Were it not for the firefighters, gardaí, reporters and cameramen outside the small apartment block in the Kilcronan estate in Clondalkin, Co Dublin, on Wednesday, the scene would have been idyllic.
In early spring sunshine, joggers, cyclists and dog walkers strolled along a well-used and well-kept path along the southern bank of the Grand Canal. Swans, ducks, coots and moorhens made the most of the water.
The apartments, a safe haven, step-down facility for between 18 and 24 months for women and children in fear of domestic violence, must have been close to heaven on earth for those living there.
But in the early hours of Tuesday, dense, choking black smoke filled a first floor apartment and left death in its wake.
Martin Healy, walking his cheerful two-year-old Jack Russell, Daisy, along the banks of the canal, said he saw women from the apartments regularly when he passed by, the mothers having a cigarette in the car park by the canal, farm fields on the other side.

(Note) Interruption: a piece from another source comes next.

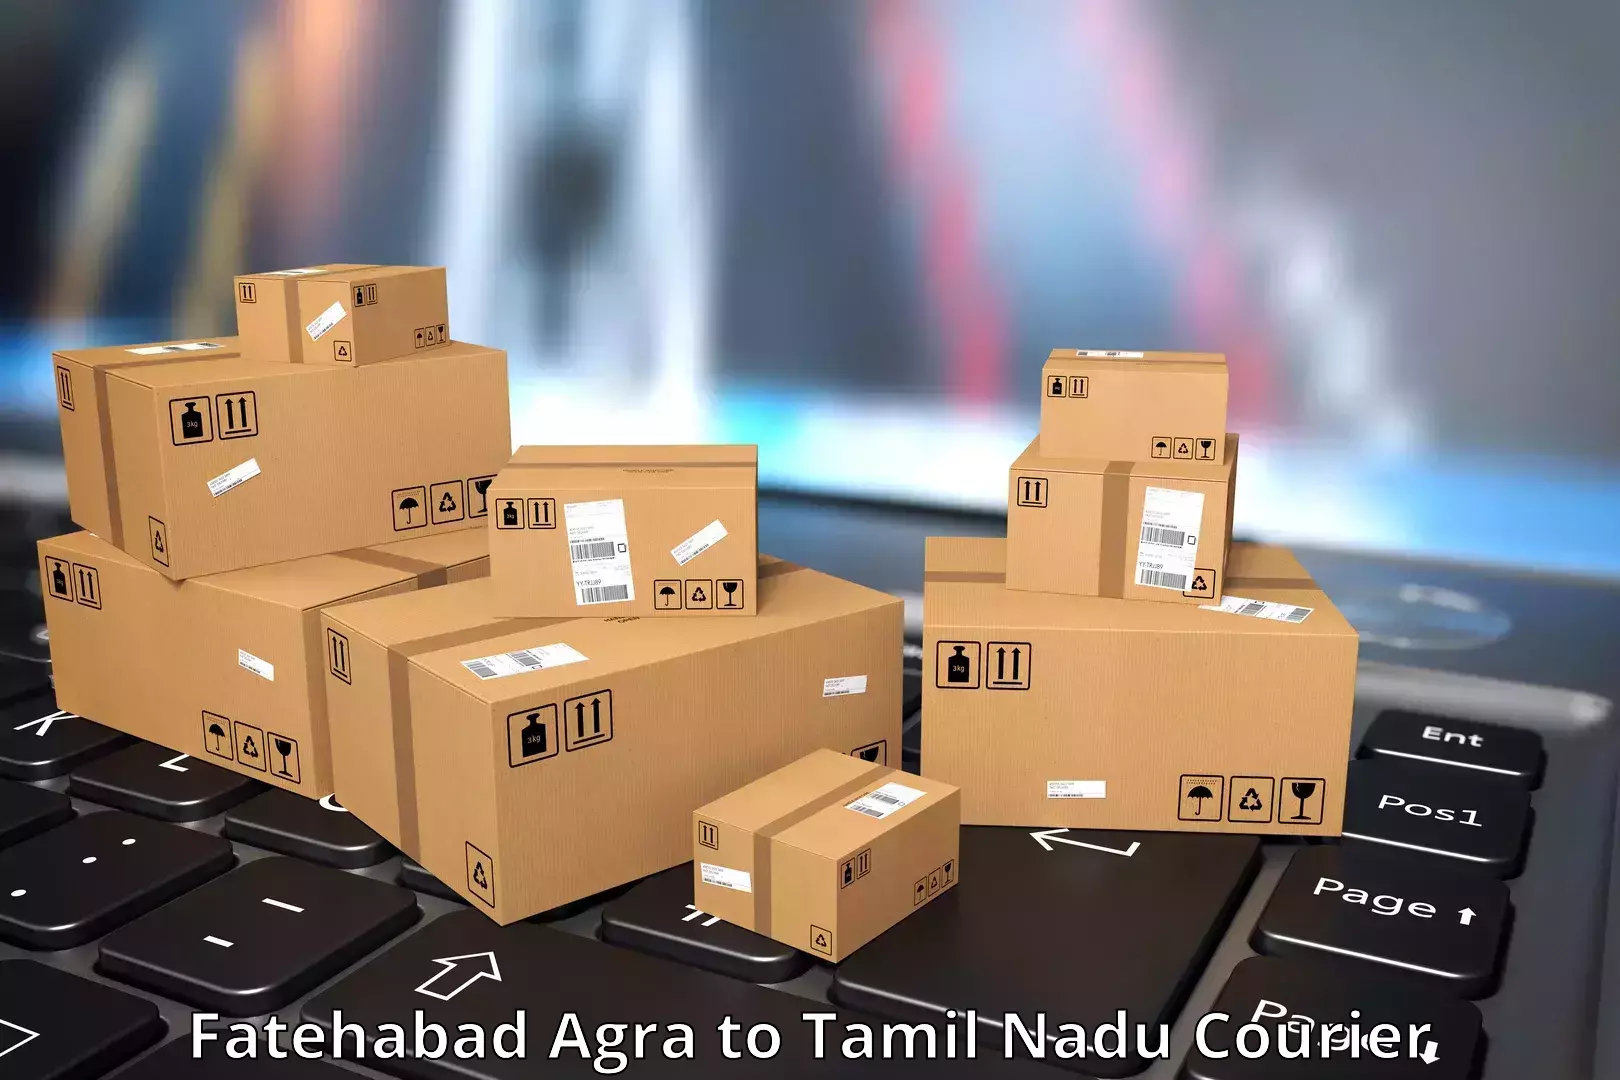 Quality courier partnerships Fatehabad Agra to Kovilpatti

“They’re lovely, lovely people, just minding their own business,” he said of them on Wednesday. “It’s an absolute horrible feeling to hear what happened.”
Electrical cause suspected
What happened is known; what made it occur has yet to be identified, but an electrical cause, rather than anything malicious, is the number one suspect among Garda and Dublin Fire Brigade forensic examiners who combed through the scene.
Two women friends of those who died and who came to lay flowers speculated about a mobile phone charger, but there was no authoritative confirmation as to cause.
Accommodation at the three-storey apartments at Cluainin Cronan, which were built in 2000, was administered by Sonas, the largest provider nationally of frontline services to women and children experiencing domestic abuse, with a concentration in the greater Dublin region.
Funded by Tusla, the Child and Family Agency, the Cluainin Cronan complex includes four flats and six houses. Fire alarms and smoke detectors had been inspected and passed, said a spokeswoman.
Several closed-circuit TV cameras survey all approaches to the apartments to alert those inside to any unwelcome visitors. Behind the flats is a secure garden and play area for children.
Among those staying in the apartments on Tuesday night was Annmarie O’Brien (27), who was expecting a baby boy shortly, and her daughter, Paris, aged two.
Visiting her from Shankill in south county Dublin was her sister Margaret O'Brien (30), known to family and friends as Biddy, and her daughter Holly and son Jordan, aged 4.
Two other children were also in the apartment.
Annmarie, Paris and Holly were pronounced dead soon after their removal from the smoke-filled apartment. Jordan died on Wednesday afternoon and, last night, Margaret remained in a critical condition in hospital.
The two other children in the apartment when the fire broke out were said last night to be recovering from smoke inhalation and their condition was understood not to be life-threatening.
On Wednesday, in the wake of the tragedy, the inside of an open window was jet black from smoke and there was also black smoke staining around an extractor fan outlet on a gable wall of the apartment.
By late morning, friends and neighbours were dropping by to pay their respects. Among them were Marie and Laura from Bray, Co Wicklow, who asked that their full names not be published.
“Annmarie was a lovely girl and a good mother,” said Marie, who disclosed an earlier tragedy in her friend’s life.
“Her brother went the same way – in a fire behind the church in Bray about seven years ago,” she said.
Sonas chief executive Fiona Ryan said the organisation's sympathies and condolences were with the relatives and friends of the women and children.
“We are devastated by the tragic loss of life which occurred as a result of fire in an apartment in our supported housing complex in Clondalkin,” she said.
“Sonas is working with the relevant authorities on their inquiries. We are currently supporting other families in the apartment complex, including those unable to return to their homes because of fire damage, for whom we are sourcing alternative accommodation.”
The Kilcronan estate was described by local Sinn Féin TD Eoin Ó Broin, who visited the scene in the morning, as a very tight-knit community, a residential area of mixed housing – some privately owned, along with social or co-operative-run housing.
“Like everybody, we are particularly shocked given the age of the young people. Our condolences go out to the entire community,” he said.
As news of the tragedy dominated news outlets, the first people to arrive to lay flowers, two teddy bears and three candles were Lisa Kinsella-Colman, a mother of four, and Roselyn Byrne, a mother of three, who live in Kilcronan Court.
Both women described themselves as “devastated” at what had occurred, and said they found it particularly difficult when preparing their own children for school after what had happened.
“Our kids are in school with other kids in the area. It’s very safe. I’m sure all these kids played together,” said Ms Kinsella-Colman.
Two other women who arrived at the complex in a taxi, accompanied by a three children and a man, were too upset to speak at length.
“I’ve just lost my best friend,” one said of Annmarie O’Brien, before indicating she was too emotionally upset to speak further.
An elderly man who lives locally, Tom Carty, said he regularly delivered food vouchers to residents of the apartments on behalf of the Society of St Vincent de Paul.
What had happened was an awful tragedy, he added.